**Recorded information:**
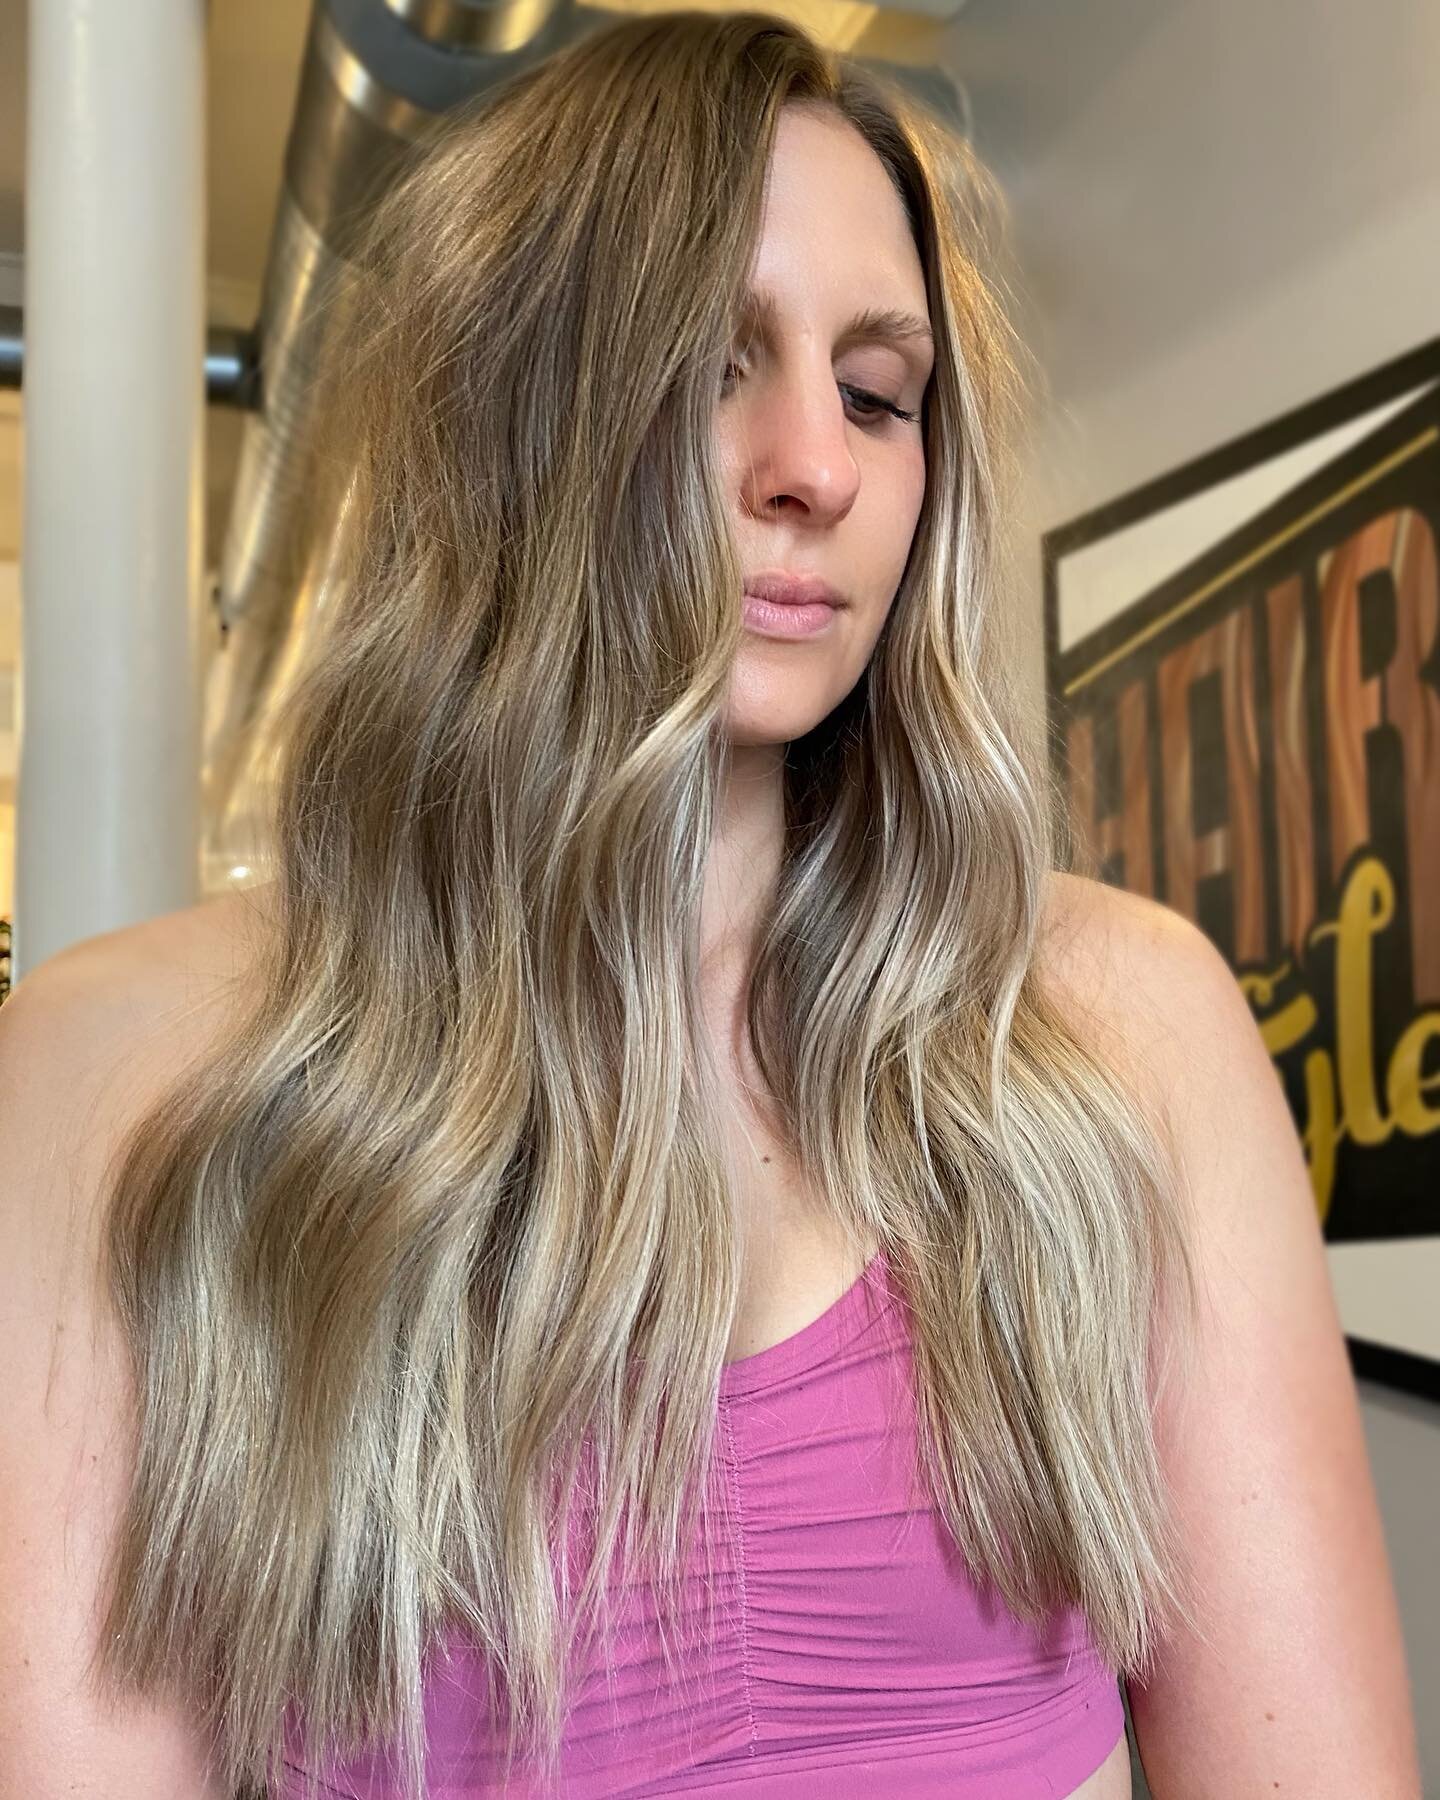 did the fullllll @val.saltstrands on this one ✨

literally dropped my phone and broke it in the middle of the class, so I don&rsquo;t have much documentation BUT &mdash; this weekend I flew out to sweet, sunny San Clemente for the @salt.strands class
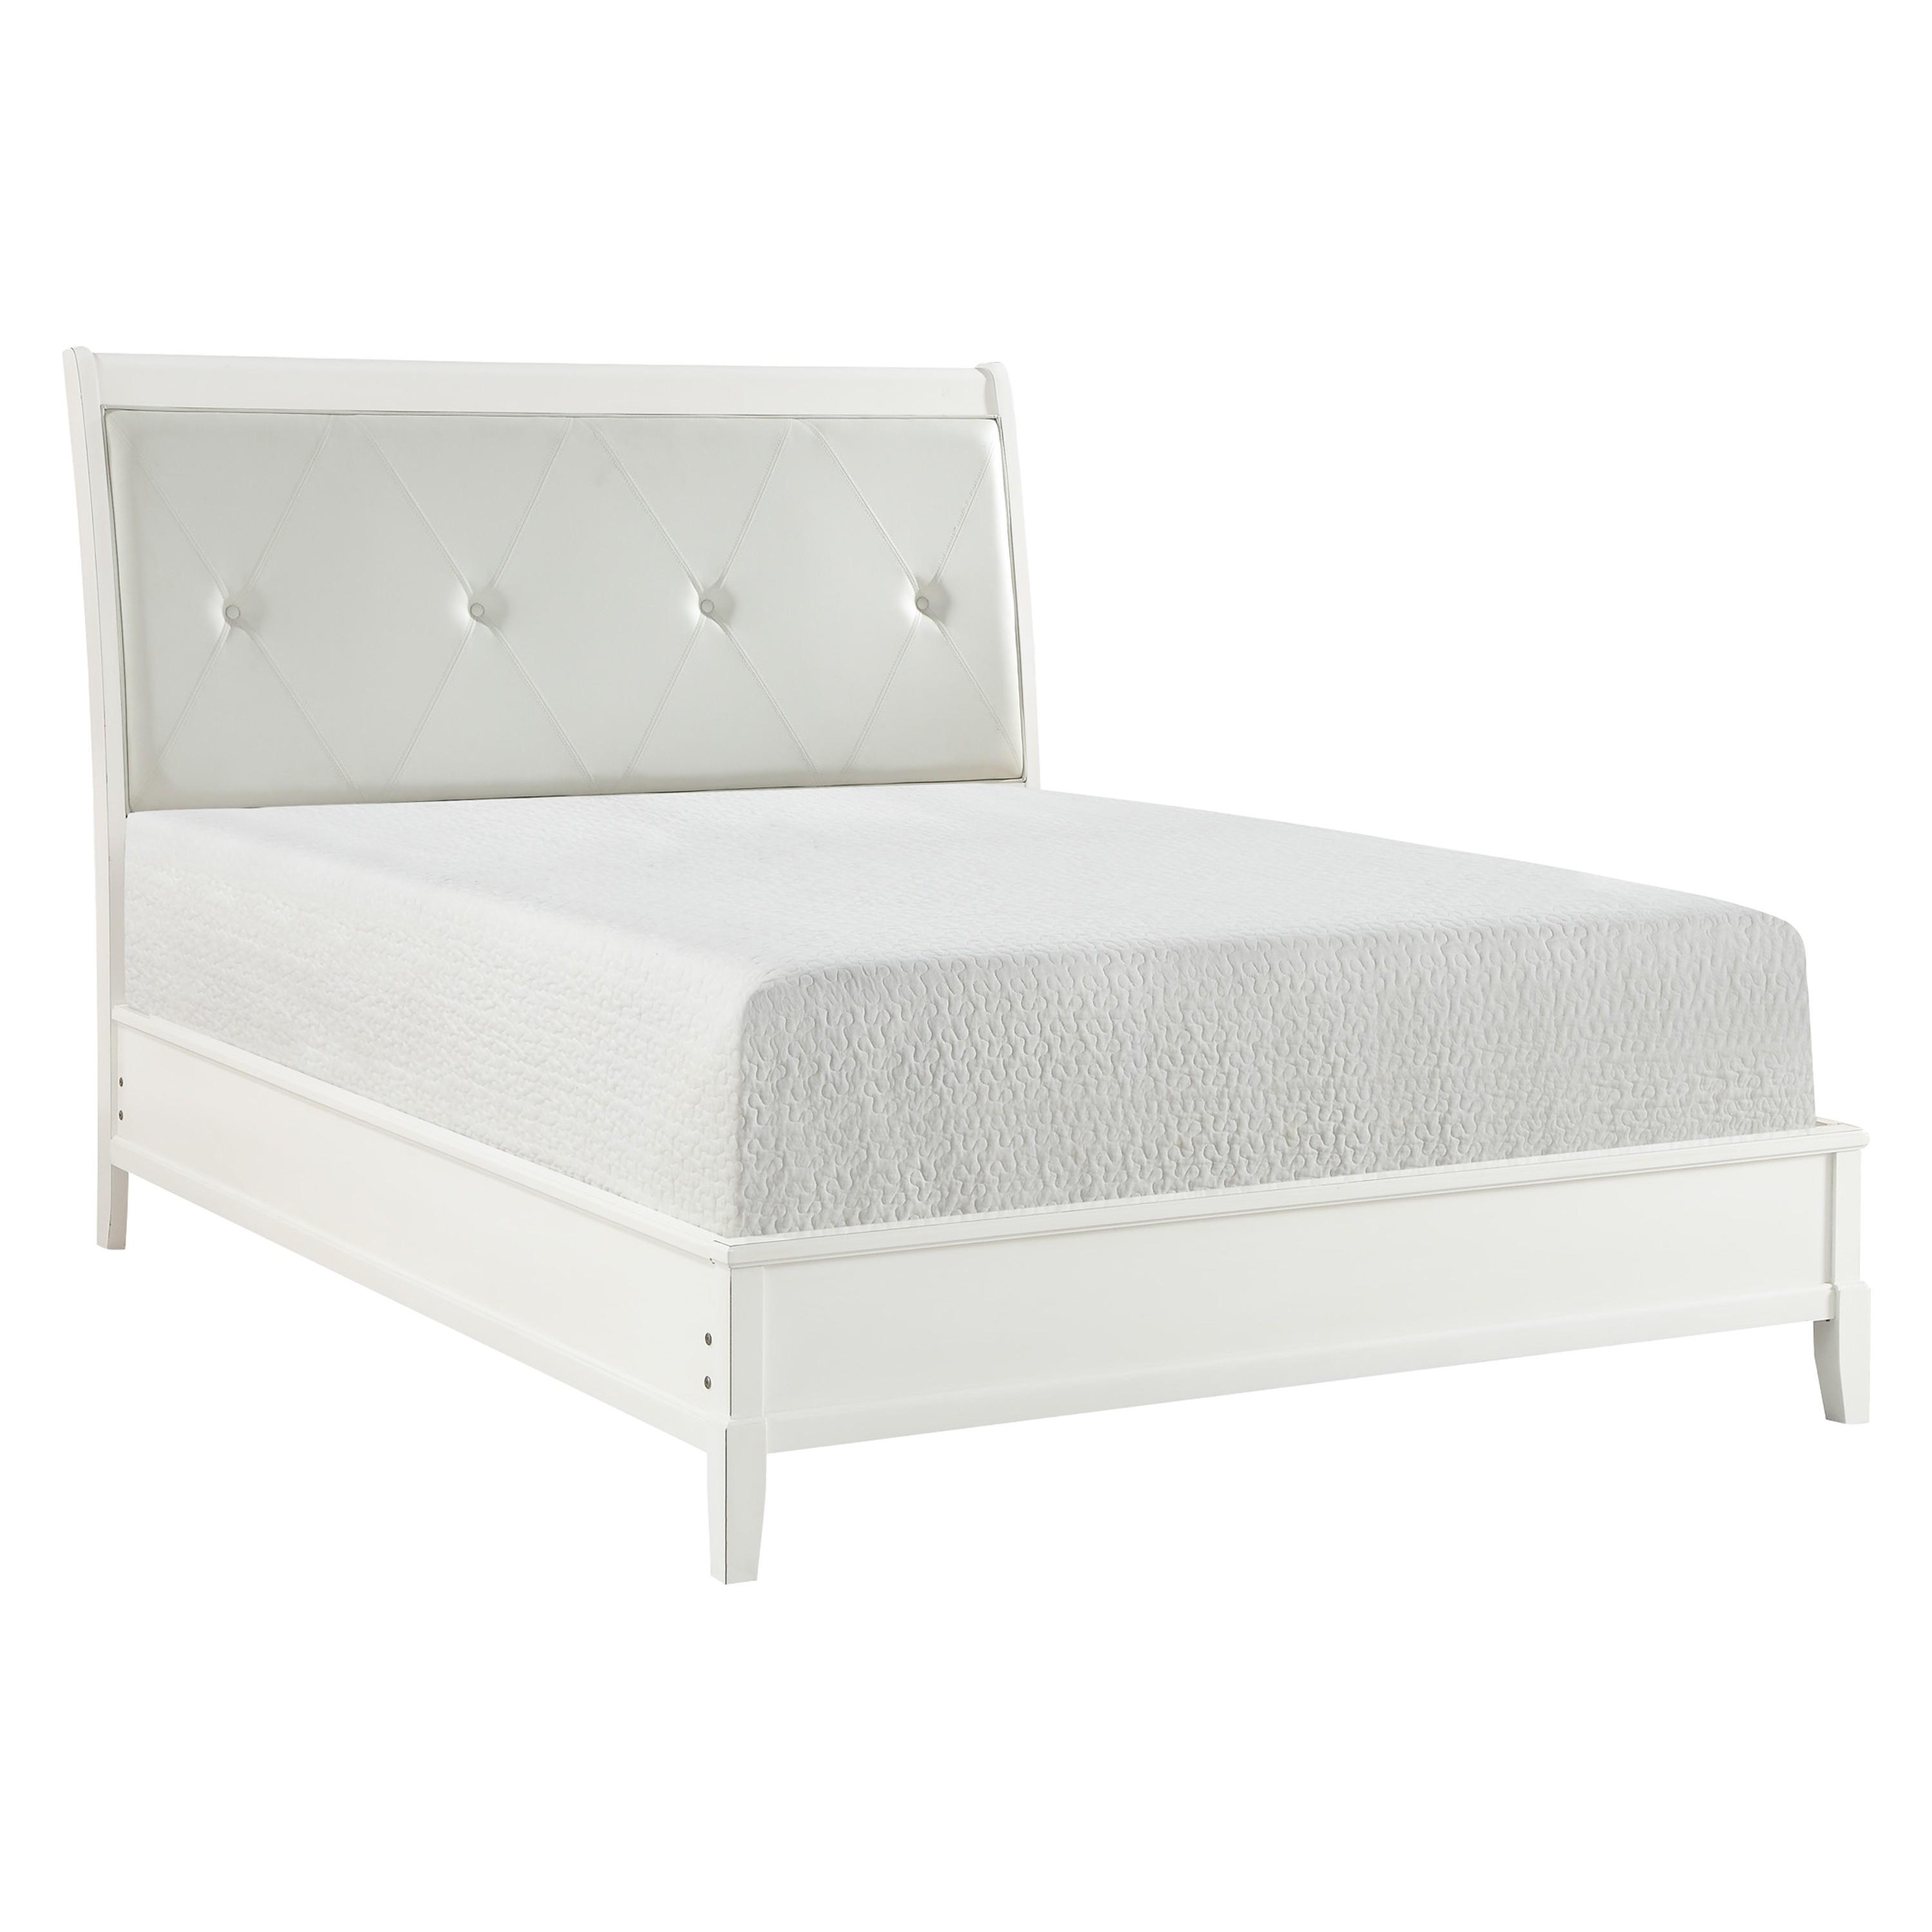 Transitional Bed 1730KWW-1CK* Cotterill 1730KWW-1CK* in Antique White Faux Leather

**Work to complete:** If you see a picture in the listing, skip it while copying everything else exactly.

**Your response:**
 did the fullllll @val.saltstrands on this one ✨

literally dropped my phone and broke it in the middle of the class, so I don&rsquo;t have much documentation BUT &mdash; this weekend I flew out to sweet, sunny San Clemente for the @salt.strands class
 Transitional Bed 1730KWW-1CK* Cotterill 1730KWW-1CK* in Antique White Faux Leather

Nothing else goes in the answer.